The effective usage of hardware resources (i.e., hardware utilization) in target inference platforms may vary depending on the architecture of a DNN model (e.g., layer types or channel dimensions). For instance, the depthwise convolution operation, which is popularly used in DNNs, has been shown to reduce the hardware utilization down to 1% in inference platforms [13]. Likewise, the channel and filter dimensions of DNN layers also have a significant impact on hardware utilization due to mismatches between DNN dimensions and target inference platforms [9, 30]. As a result, unoptimized DNN models unfortunately run on inference platforms with low hardware utilization, hindering their performance (FLOPS/s) and increasing the latency. For example, average FLOPS/s utilization in Google’s TPUv4 accelerator is 33% [17], which results in about three times slower inference than what could be achieved with a fully-utilized platform.

Prior works have proposed hardware-aware neural architecture search methods to co-optimize model accuracy and hardware performance metrics [32]. These methods use latency [34, 35, 37], energy consumption [41], or memory footprint [26] as the hardware performance metrics, which allows to improve the computational efficiency of the DNN architectures. However, no prior work uses hardware utilization as an optimization objective, which leads to DNN models with low efficiency in inference platforms. Moreover, prior hardware-aware NAS methods rely on either “black-box” hardware models, where these metrics are measured in physical devices and stored in look-up tables, or simplistic models such as roofline [13, 23] to estimate the hardware performance metrics of the target inference platforms. Unfortunately, these models are impractical, have limited precision, or are non-differentiable, which hinders their effective use in NAS methods.
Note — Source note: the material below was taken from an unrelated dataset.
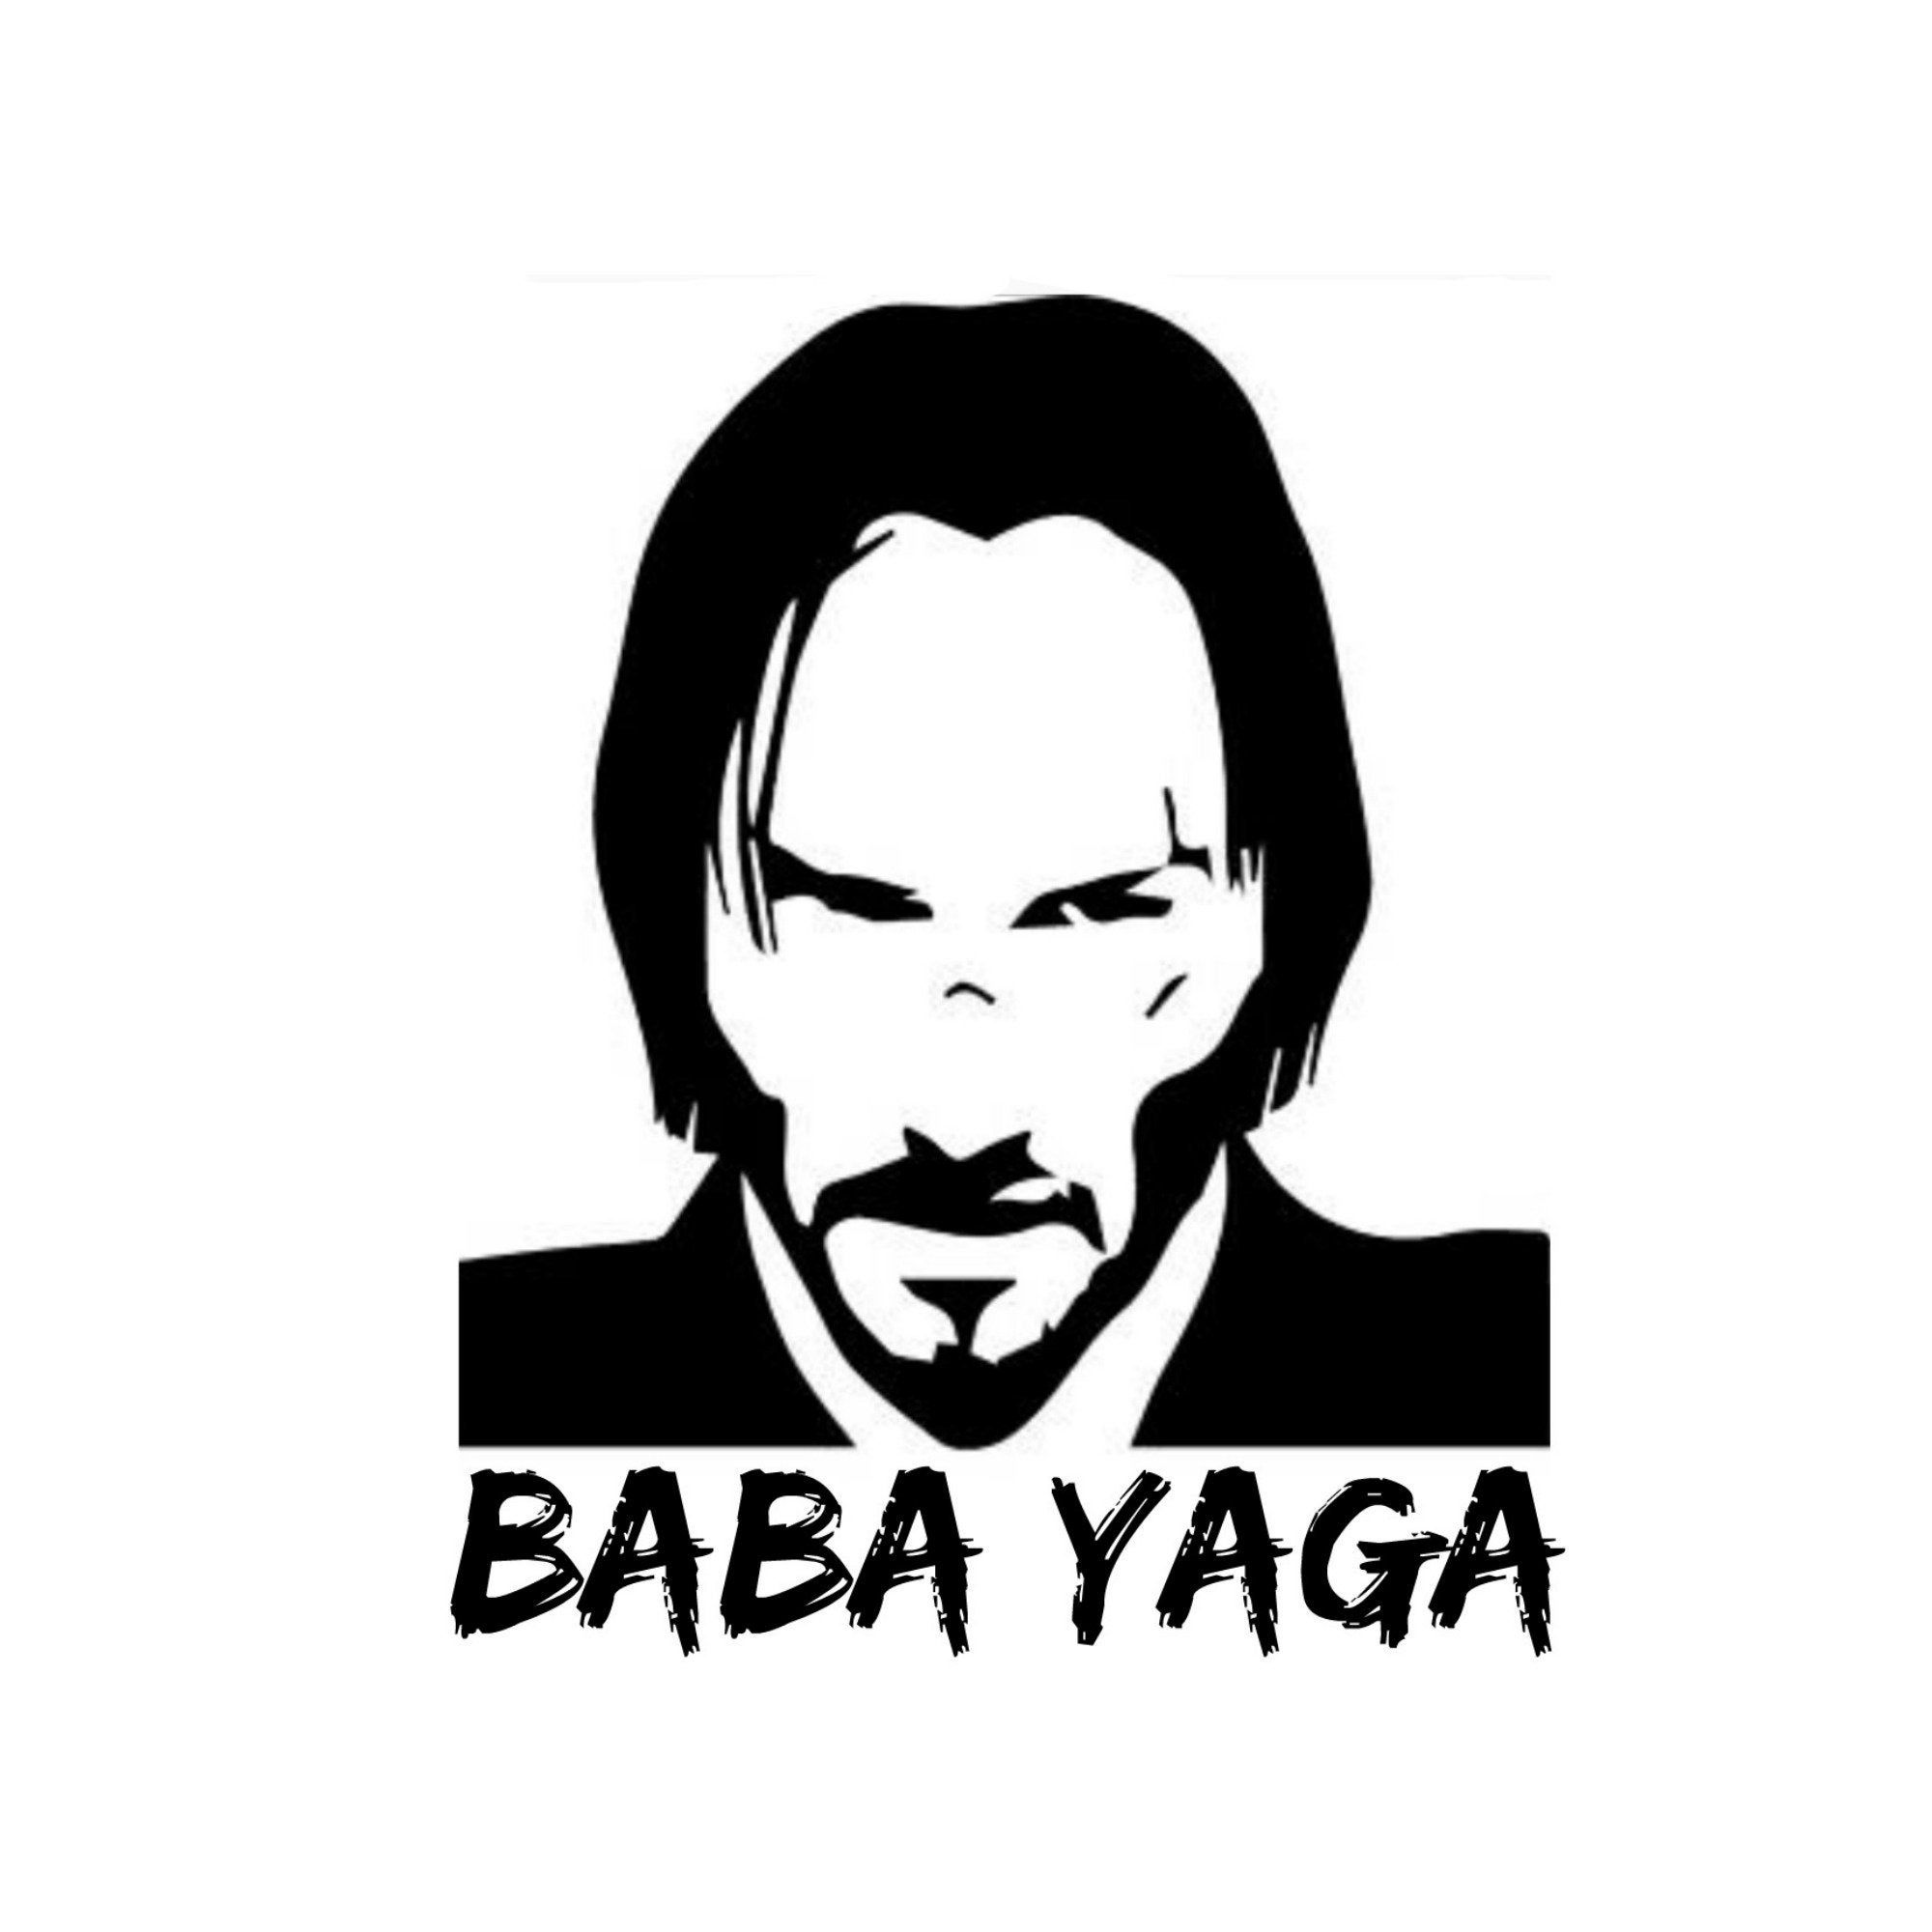 John Wick Baba Yaga Vinyl Decal Yeti Cups Laptops Cars John Wick Tattoo Funny Cartoon Faces Film Posters Minimalist

While prior hardware-aware NAS frameworks mostly focus on inference latency (i.e., execution time in terms of seconds), we argue that this does not necessarily lead to effective usage of hardware resources (i.e., percentage of processing elements actively used during computation) at the inference platforms. Therefore, we propose a NAS method that co-optimizes hardware utilization along with model accuracy and latency. To do so, we develop a hardware utilization model for inference platforms and use it to estimate the hardware utilization while searching for the optimal DNN architecture in image classification tasks. Moreover, we provide a smooth relaxation for the proposed utilization model to allow differentiable NAS, which is orders of magnitude less costly than other NAS methods. To the best of our knowledge, this is the first work that addresses hardware utilization in DNN inference using neural architecture search. We demonstrate through extensive experiments and hardware simulations that DNN models produced by our proposed NAS method run \(2.8-4\times \) faster in target inference platforms compared to prior hardware-aware NAS methods that are agnostic to resource utilization.

In this paper, we make the following contributions:

  • We show that hardware utilization in DNN inference is sensitive to layer types and dimensions of the architecture, and that fine-tuning a DNN architecture may significantly improve hardware utilization while maintaining the model accuracy.
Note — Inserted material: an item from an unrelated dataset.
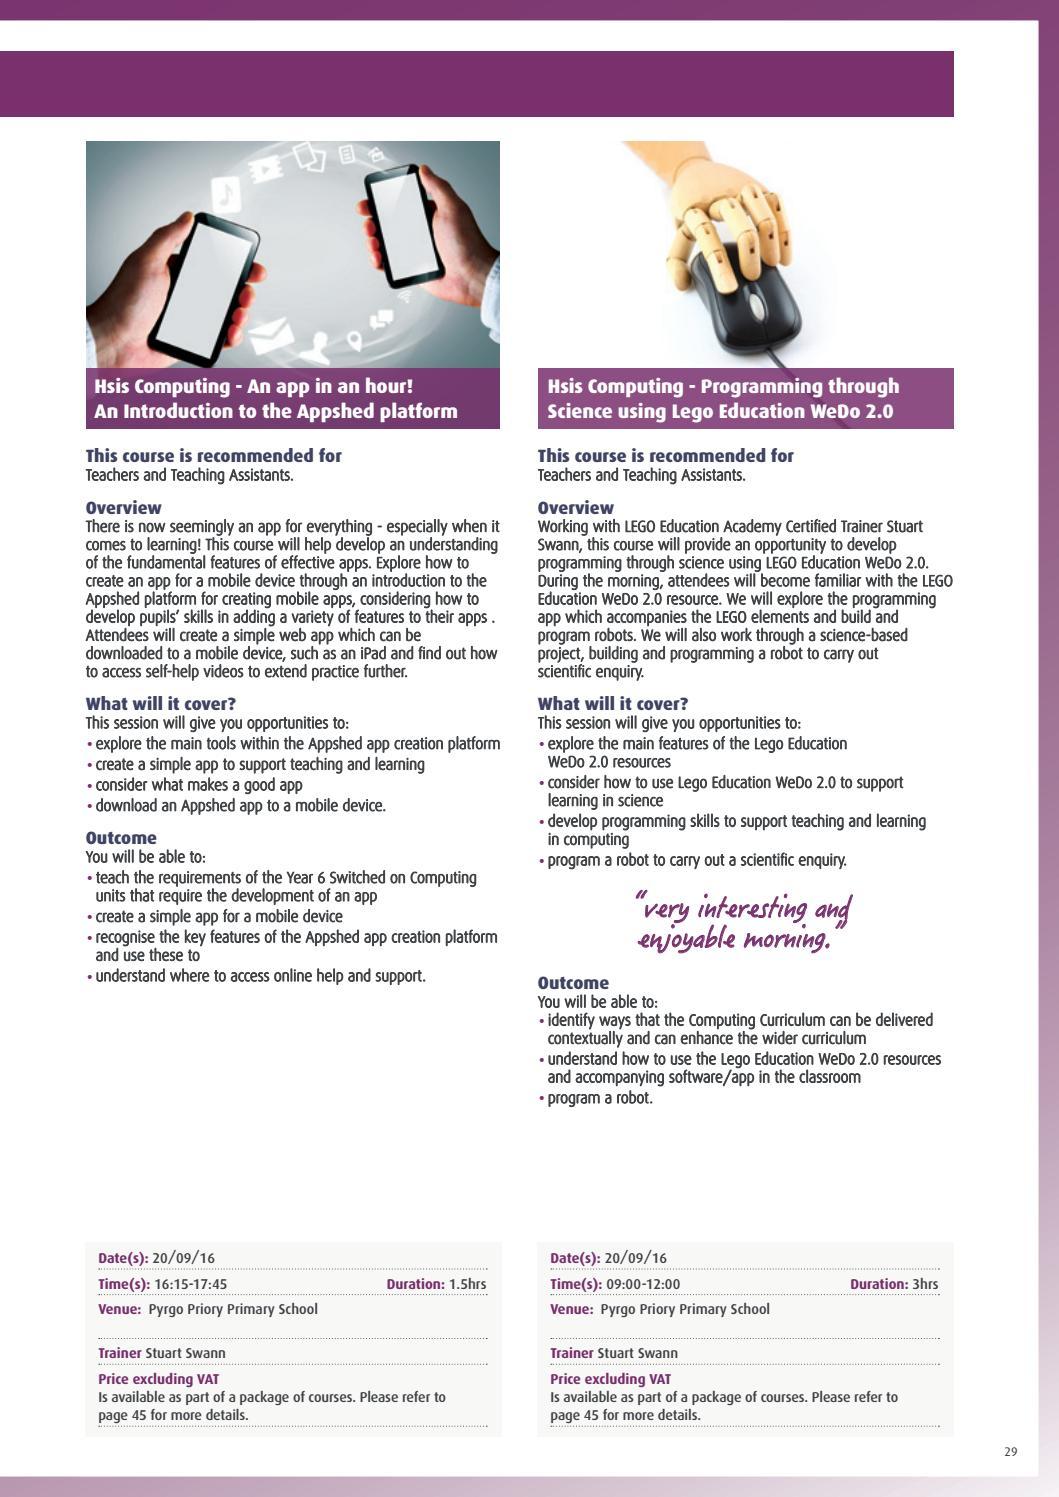 Havering Educational Services Training & Development

  • We propose a computational model for hardware utilization in modern inference platforms that estimates the measured utilization with significantly higher accuracy compared to prior models. We also provide a smooth relaxation of the proposed computational model to enable gradient-based optimization.

  • We propose a differential neural architecture search framework that does not only optimize for task accuracy and inference latency, but also resource utilization at target inference platforms.

  • We perform image classification experiments on the CIFAR-10 and Imagenet-100 datasets as well as detailed hardware simulations to show that the proposed utilization-aware NAS method significantly improves the hardware utilization and inference latency on typical computer vision tasks.

2 Related Work

Neural architecture search methods aim to automate the design process for DNN architectures that can achieve high accuracy on the given machine learning tasks with low latency and improved efficiency in target inference platforms. In fact, recent work has shown that DNNs produced with hardware-aware NAS methods outperform the hand-crafted DNNs in terms of accuracy and latency [34]. However, NAS methods require vast amounts of computational power, which motivates researchers to study more efficient methods.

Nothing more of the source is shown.